Last Chance for Animals’ attorney, Bing I. Bush, Jr. of San Diego, said this definition is all-inclusive, and therefore overly broad. “[The mall's] fundamental definition of expressive activity is so broad that it encompasses everything,” he said. “If anyone ever says anything, if you talk, it’s expressive activity” that is subject to the permit application.
Because requiring an application for every mall visitor who wanted to speak would be unrealistic, Bush said, the mall would have to selectively enforce its policy. He says this would give mall officials arbitrary power in deciding which visitors to have arrested.
“What was of great concern to me is that the mall’s policies essentially allow it to decide what speech is appropriate and what is inappropriate in a public environment,” he said. “Simply stated, [mall officials] are in a position to prohibit speech that they don’t like.”
But McLin Lines, attorney for Fashion Valley Mall, said that private conversations would be excluded from the restrictions.
“Our security people do not go through trying to eavesdrop,” Lines said. But, he said, “once a private conversation becomes public because of the way it’s communicated, there’s a regulation allowed. Usually the mall will ask the people to quiet down because it’s disruptive.”
In his ruling, Meyer left open the possibility that the mall could narrow its policy to legitimately regulate speech that threatened business.
“The act of discouraging customers from spending money at the stores is in direct contradiction with the basic function of the shopping center,” he wrote.
Both Lines and Bush say that malls have rights to limit speech with “reasonable time, place and manner” restrictions on expressive activity. They differ over how those regulations should be applied.
“There are certain types of speech the court says can be prohibited,” Lines said, citing obscenity and libel. “In our particular case, speech that would interfere with commerce can be prohibited.”
“Once you draw the broad parameters” of what is protected by free speech, Lines said, “you can draw content-based exceptions.”
Eric Mindel of Last Chance for Animals, however, thinks the mall’s ability to restrict speech should be limited to speech that is likely to cause violence.
“Commerce should be protected,” Mindel said, “but at the same time, [malls are] expected to have reasonable policies that don’t violate free speech.”
Bush agrees, saying that an anti-solicitation policy might be acceptable. But, he said, “there is a fundamental difference in actually preventing people from buying, and telling them that they shouldn’t buy fur. That’s pure speech.”
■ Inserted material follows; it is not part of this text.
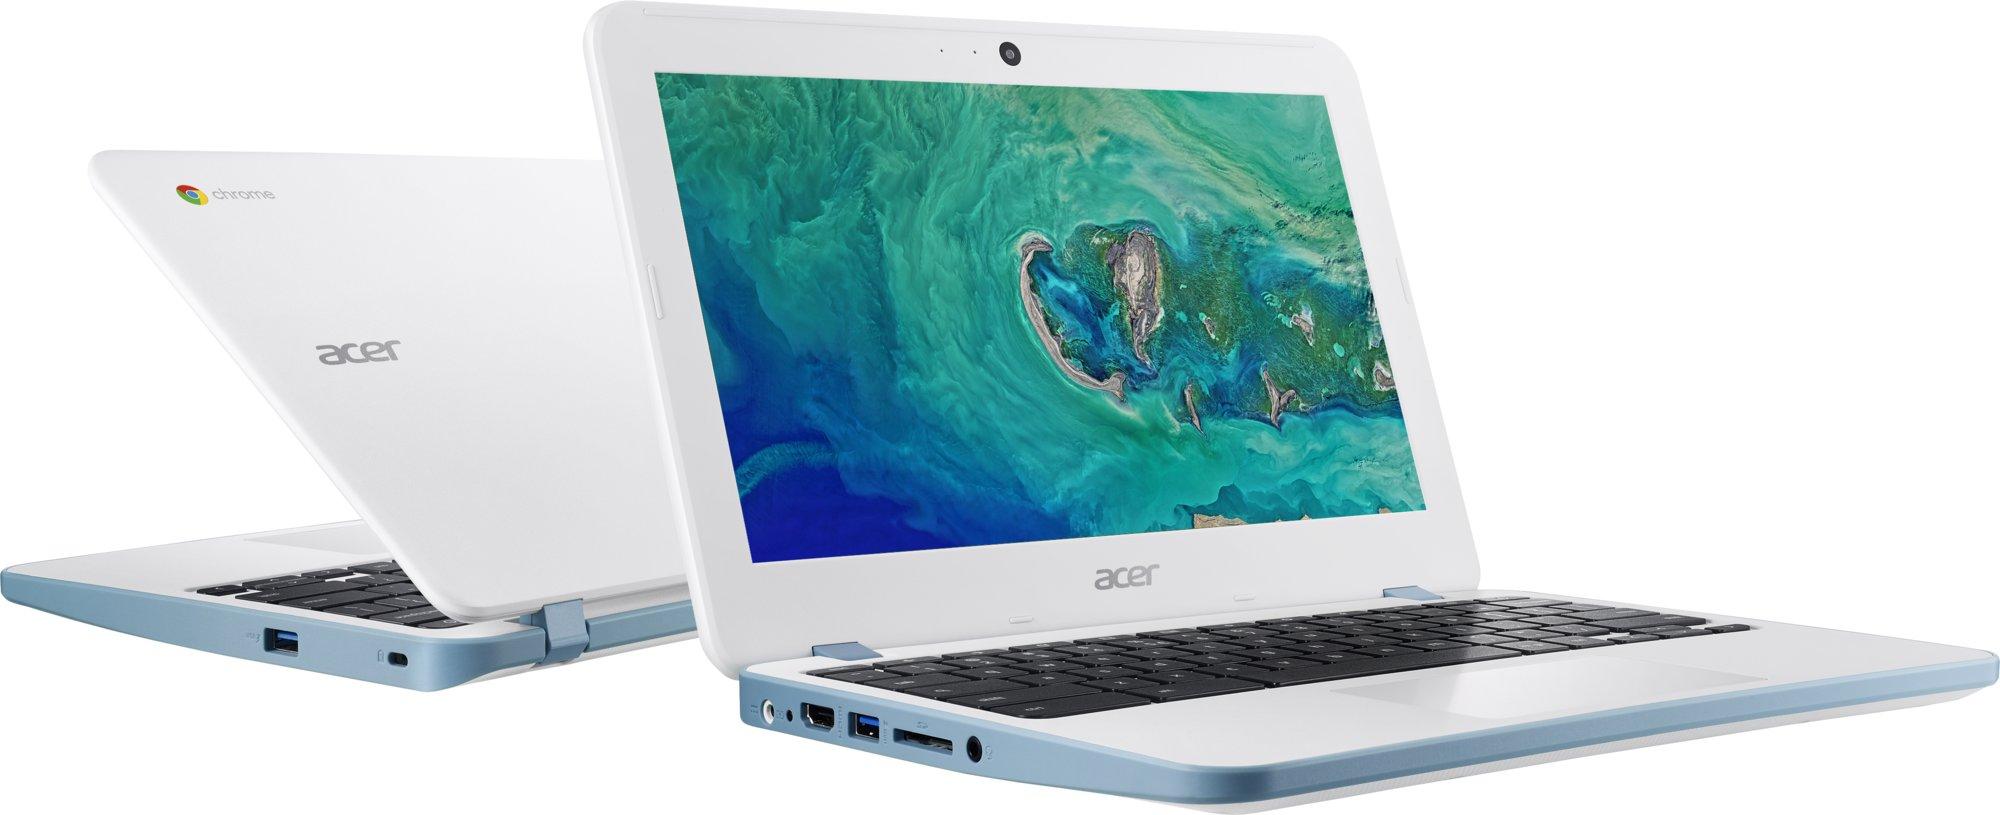 Acer Chromebook 11 N7 CB311-7HT-C64D

Lines says that Fashion Valley Mall’s private ownership gives it more power to regulate speech. “It’s a private entity designed to function as a center of commerce. Therefore, there is a greater right to participate in the regulation of expressive activity.”
But his opponents point to the 1980 U.S. Supreme Court ruling, Pruneyard Shopping Center v. Robins. In that decision, the court agreed with California’s high court that California could interpret its state constitution to guarantee free-speech rights, even on private property.
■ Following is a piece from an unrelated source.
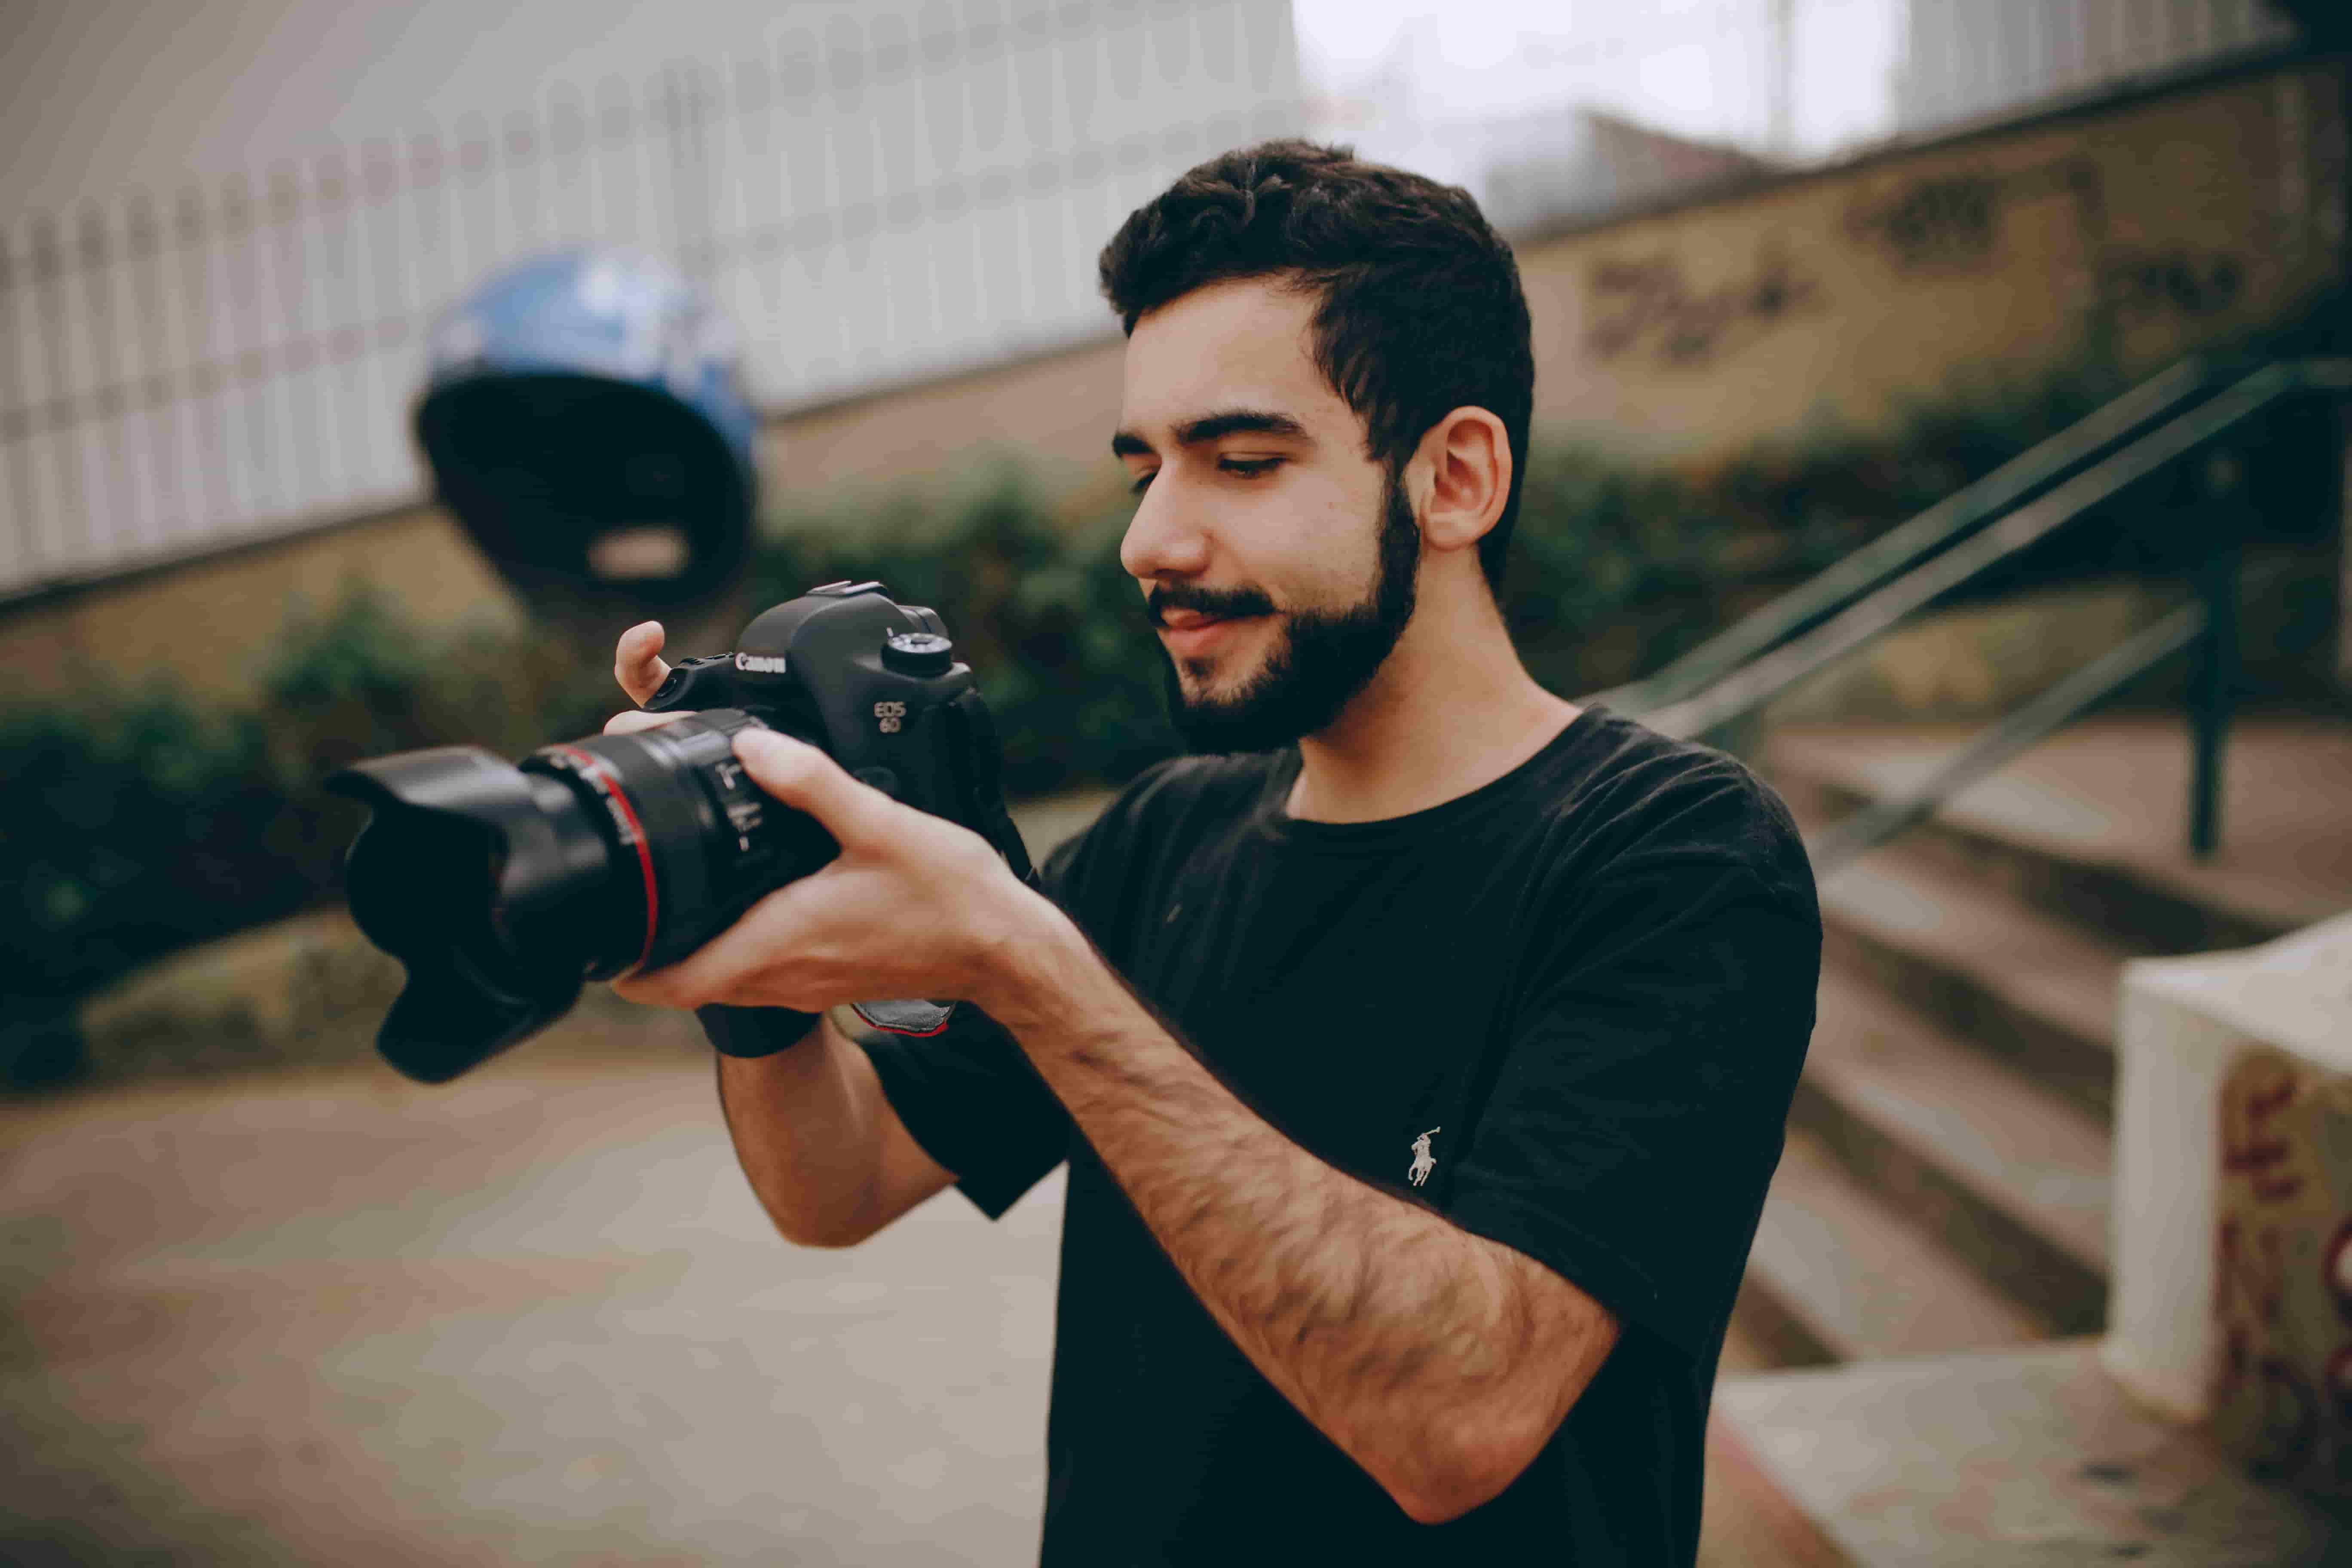 A photographer checks the screen of their Canon DSLR camera.

Bush also cites a 1969 U.S. Supreme Court decision, Shuttlesworth v. Birmingham, to support his claims that selective enforcement of vague laws is unconstitutional.
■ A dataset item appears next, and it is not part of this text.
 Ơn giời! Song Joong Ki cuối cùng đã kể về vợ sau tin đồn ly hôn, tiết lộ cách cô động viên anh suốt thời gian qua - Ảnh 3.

U.S. Supreme Court Justice Potter Stewart wrote in that decision that “a municipality may not empower its licensing officials to roam essentially at will, dispensing or withholding permission to speak, assemble, picket, or parade, according to their own opinions regarding the potential effect of the activity in question on the ‘welfare,’ ‘decency,’ or ‘morals’ of the community.”
Citing what he regards as precedent set by the Shuttlesworth decision, Bush says, “until the mall has a constitutionally valid application process, we’re not subject to [its] guidelines.”